The demand for sustainable investment products and securities that incorporate good environmental, social, and governance (ESG) indicators has increased significantly around the world. In response, investment managers and advisors began to offer various investment options labeled sustainable, supposedly incorporating ESG factors. However, the lack of standardized and precise definitions in relation to ESG topics carries risks. When investment managers and advisors do not formulate clearly and consistently how they define ESG and how they use related terms (especially in retail products or services), they can confuse investors.

In this context, the Division of Examinations of the Securities and Exchange Commission of the United States of America (SEC) issued a risk alert, citing concerns regarding deficiencies, transparency failures, and weaknesses in the internal controls of investment managers and advisers for ESG products. At the same time, the agency recognizes and praises some effective practices that must be disseminated in the industry.

In its evaluation work, the SEC's Division of Examination took into account: (i) portfolio management, including review of policies and procedures, use of ESG terminology, due diligence and monitoring of investments in ESG topics; (ii) advertising and marketing activities, including review of the company's regulatory files, websites, external certification reports, customer presentations, and marketing materials; and (iii) compliance, including review of policies and procedures, compliance supervision, and review of ESG investment practices.

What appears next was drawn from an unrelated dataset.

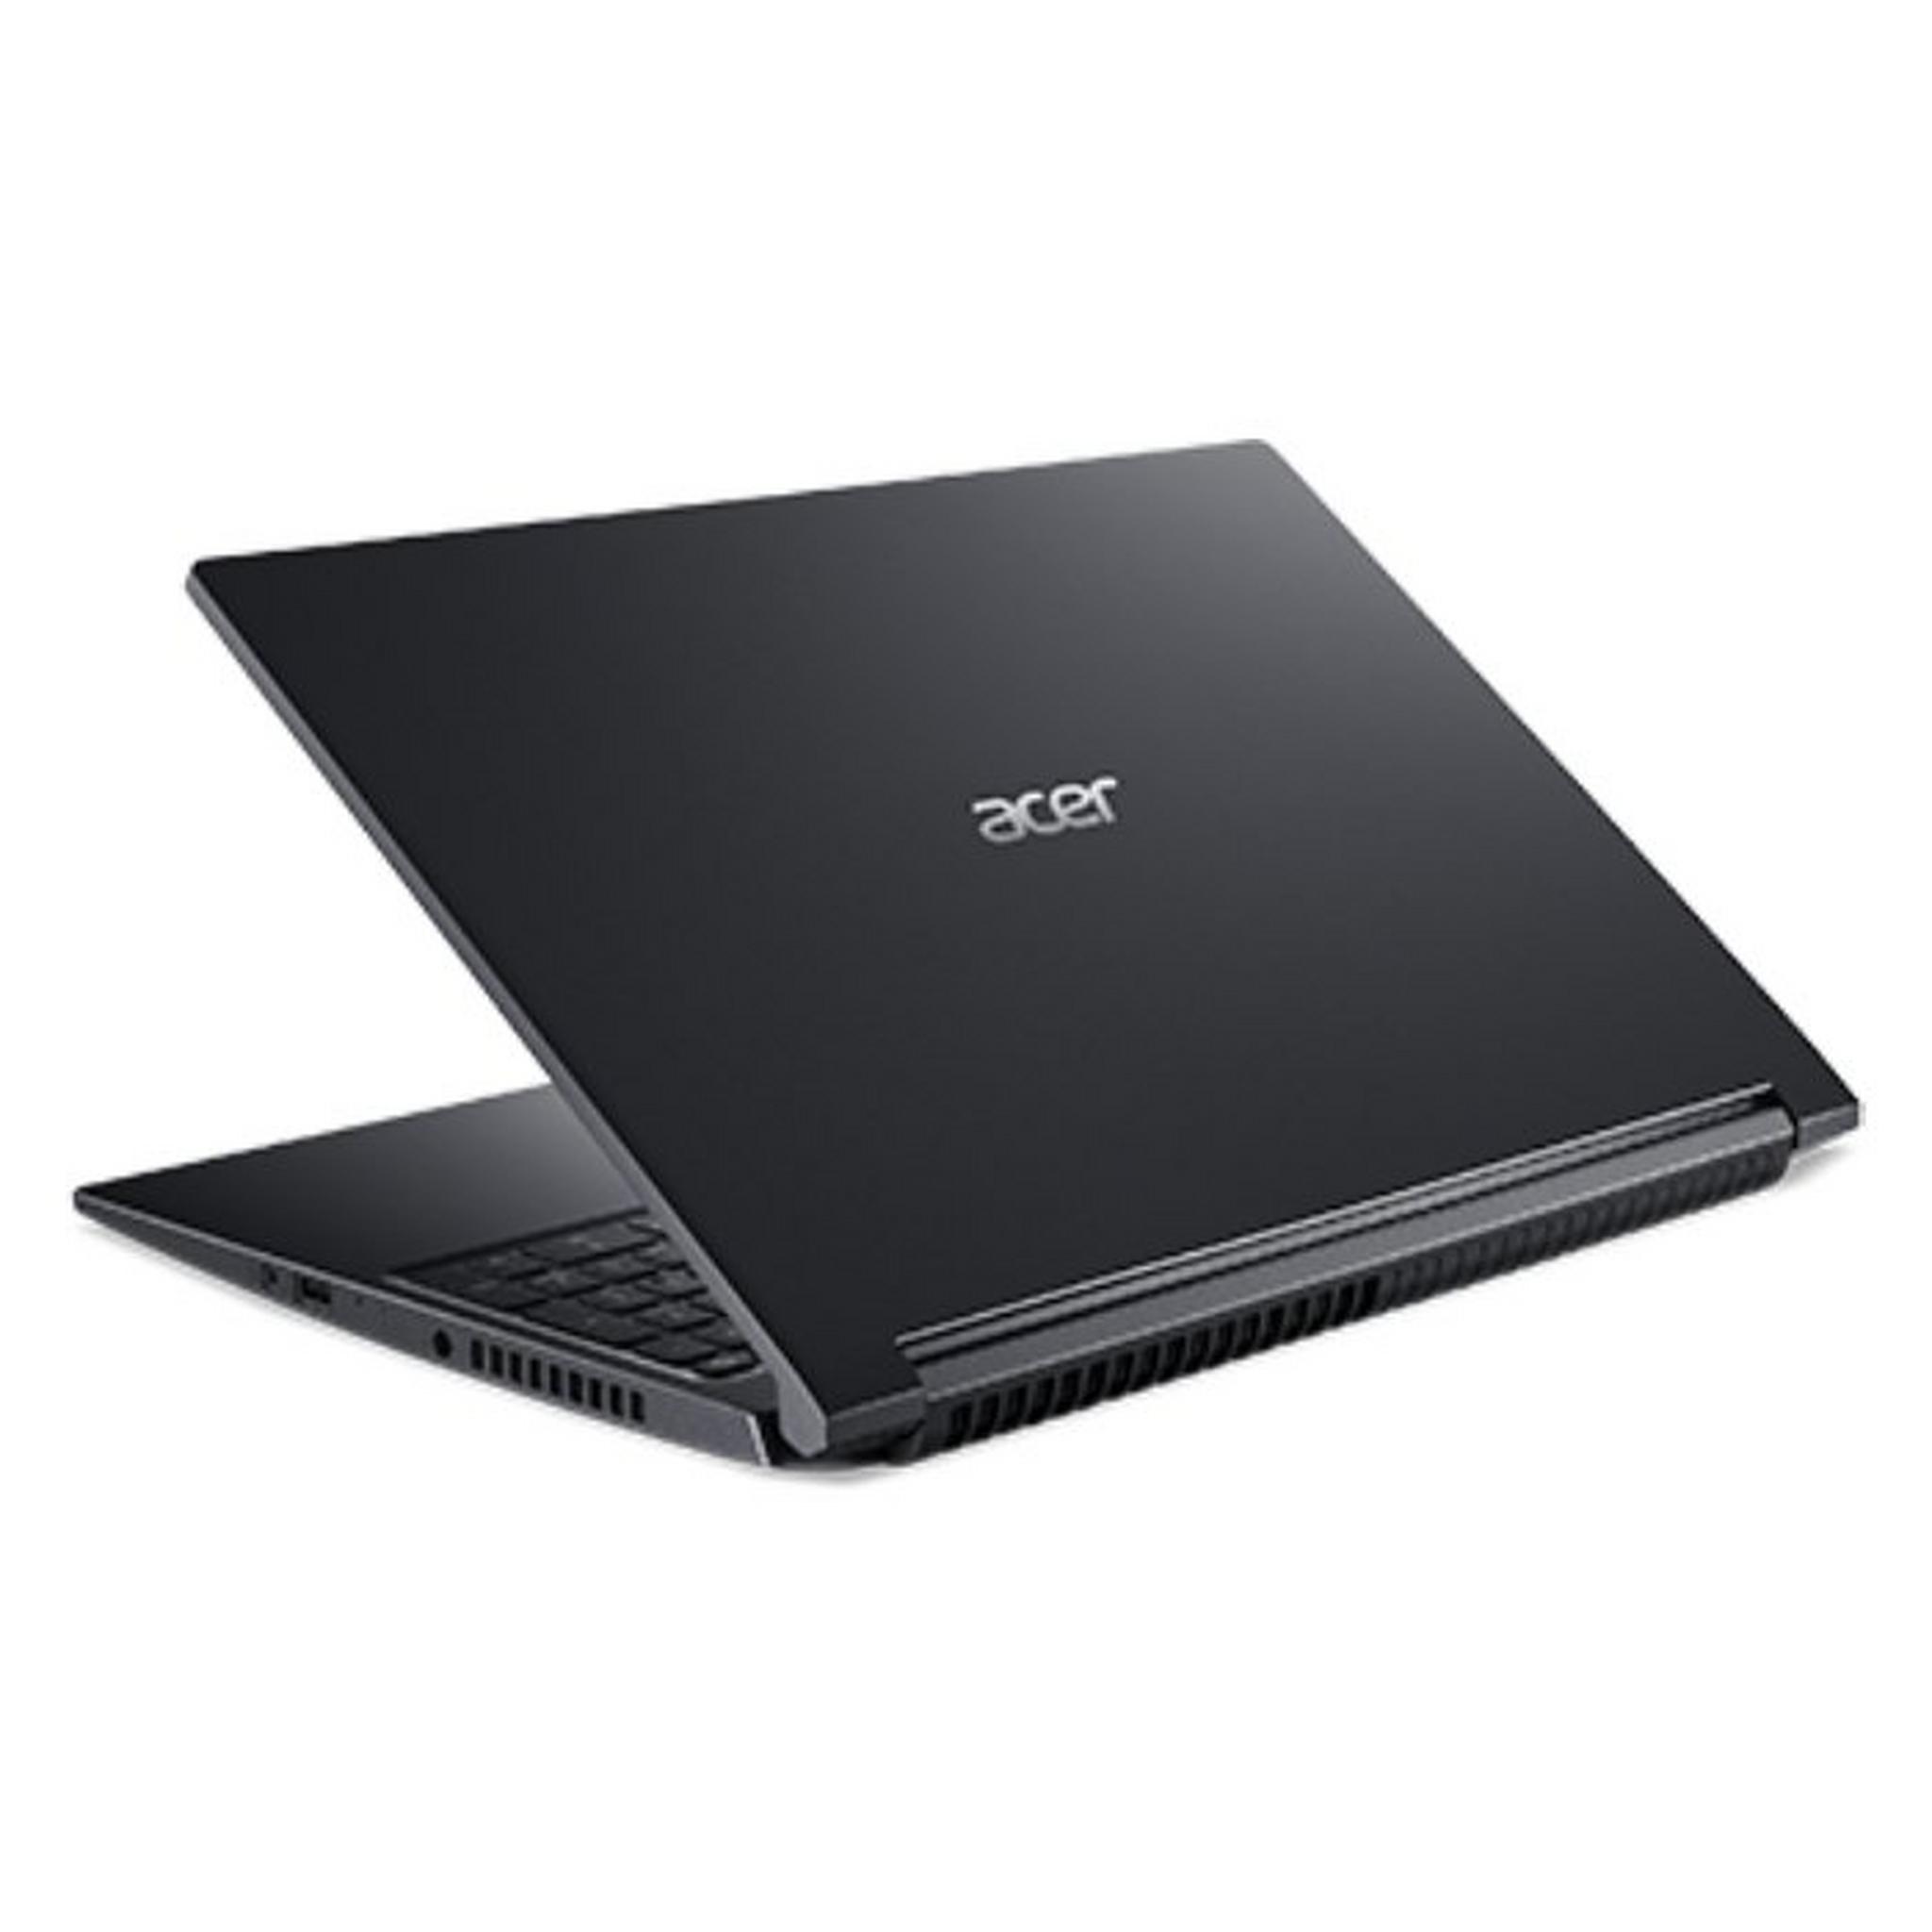 Acer Aspire 7 GeForce GTX 1650 4GB Core i5 10300H 8GB RAM 512GB SSD 15.6" Gaming Laptop - Black

Among the points of concern and alert, the Division of Examination highlighted situations in which:


  • unfounded or potentially misleading statements were used regarding ESG investment processes and adhering to global ESG classification standards;
  • portfolio management practices were inconsistent with disclosures regarding ESG approaches;
  • controls were inadequate to maintain, monitor, and update clients' ESG-related investment guidelines, mandates, and restrictions;
  • the vote in the governance bodies of the investee companies was inconsistent with the declared approaches and public statements by managers related to ESG;
  • there were inadequate internal controls to ensure that ESG-related disclosures and marketing were consistent with company practices; and
  • compliance programs did not adequately address relevant ESG issues, especially when compliance department professionals had limited knowledge of ESG topics and performance metrics.

Among the ESG best practices observed with investment managers and consultants, the Division of Examination identified concrete cases of policies, procedures, and practices that seemed to be reasonably designed in view of their specific approaches to investment in ESG, highlighting the following:

  • clear, accurate disclosures tailored to company-specific approaches to ESG investment and which have aligned with real business practices;
  • ESG factors that could be considered together with many other factors and contrasted with international ESG standards adopted by evaluating bodies;
  • explanations of how investments were evaluated based on targets set by international ESG standards;
  • policies and procedures that addressed investment in ESG, while dealing with important aspects of the companies' business strategy and operational practices; and
  • professionals from compliance-specific practices related to ESG of companies.

While the SEC's Division of Examination risk alert applies only to U.S. issuers supervised by such entity, Brazilian issuers, managers, and advisors can proactively evaluate the concerns and recommendations raised to mature their measurement, due diligence, internal controls, and disclosure practices related to their ESG products.